—¿Qué? ¡Ah! —exclamó Merricat—. ¿Porque me ha contado una historia absurdamente fantástica, dice? No, verá… a mí me da igual que su historia sea verdad o no, mientras sea buena. El mundo de las videobitácoras funciona así… ¿Gidolet, ha dicho?
—¿Qué quiere decir con que «el mundo de las videobitácoras funciona así»? —se alarmó Godorik.
—Mañana mismo subiré su historia a la interred, por supuesto —Merricat se encogió de hombros.
—¿Está usted loco? —barbotó Godorik—. ¡Ni se le ocurra!
—¿Qué? ¿Por qué no?
—¡Porque me busca la policía! ¿Es que quiere que nos detengan a todos?
—¡Qué van a detenernos por eso! Por supuesto, no voy a airear que estuvimos todos aquí hoy… ya le he dicho que no puedo hacer eso… pero por contar la historia de su conspiración nadie puede echarnos el guante encima; al fin y al cabo, no es nada anticomputadora. Además, la policía debería pensárselo dos veces antes de intentar encerrarme sin pruebas… ya le he dicho que soy bastante famoso, y que mis actividades son públicas.
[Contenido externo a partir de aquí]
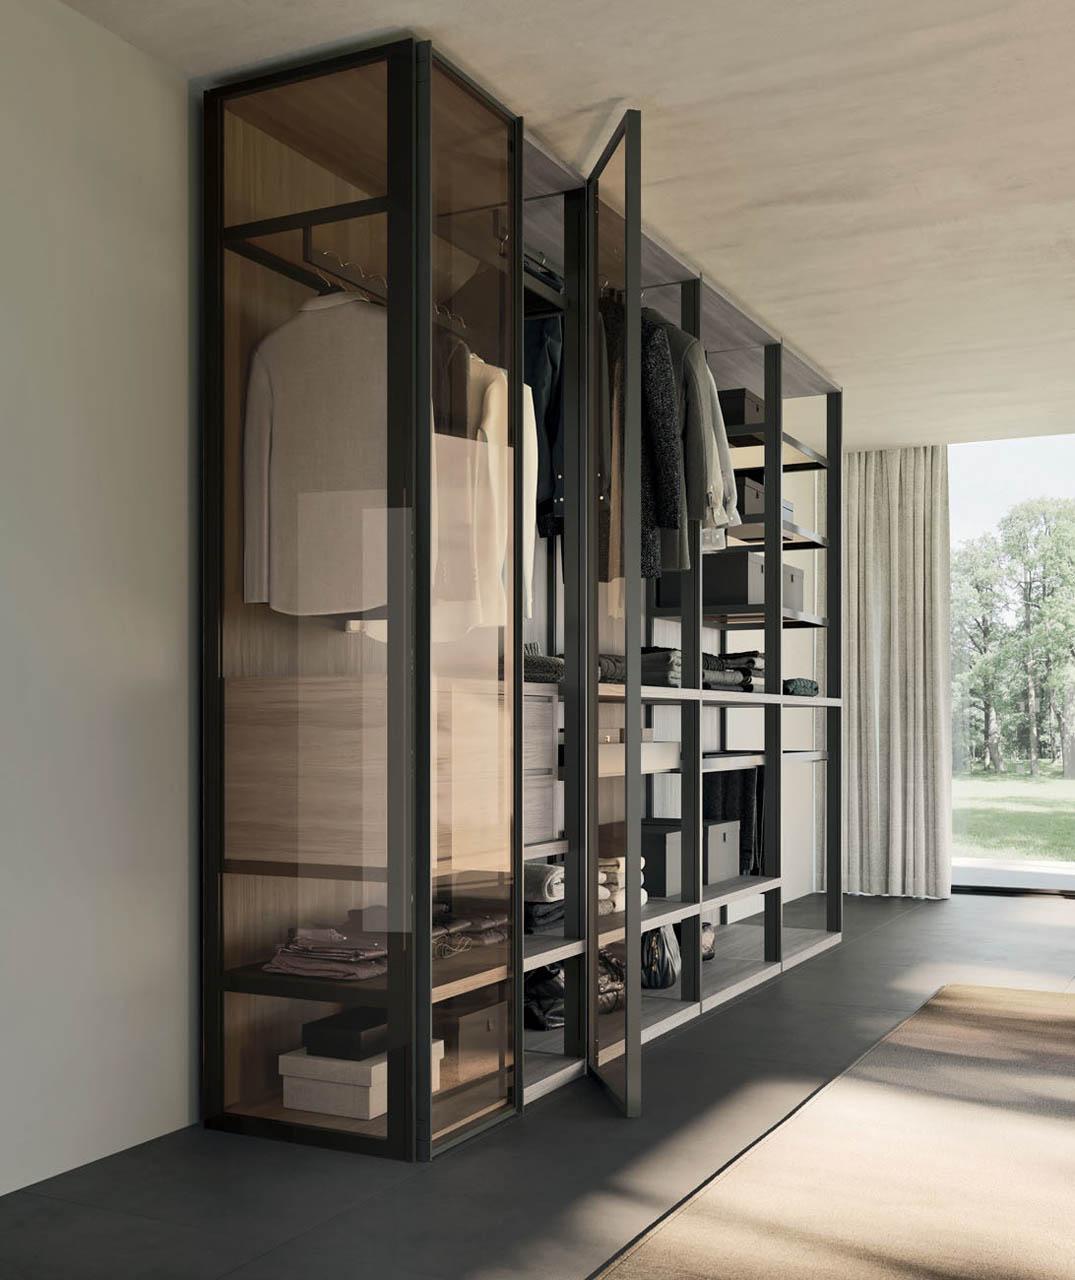 cabina-armadio-skeletro-6-orme-1092x1300

—No todas ellas —gruñó Godorik.
—Bueno, bueno: usted cierra la boca en lo que se refiere a mis asuntos, y yo prometo no publicar nada que pueda incriminarlo a usted. Es un buen trato, ¿no? Además, si todo eso de la conspiración es cierto, debería usted querer que el gran público se entere de ello, y esté sobre aviso… ¡Ah, aquí está! ¡Gidolet!
El último argumento de Merricat hizo que Godorik se replantease su postura. Era verdad: si podía sacar a la luz la historia de aquella conspiración, ya habría ganado algo, y en el caso de que ocurriese lo peor al menos alguien podría prepararse para ello. Pero el repentino anuncio del jefe de planta de que había encontrado a un Gidolet en la lista de patentes le hizo olvidarse de todo ello, y se volvió ansiosamente hacia la pantalla del ordenador.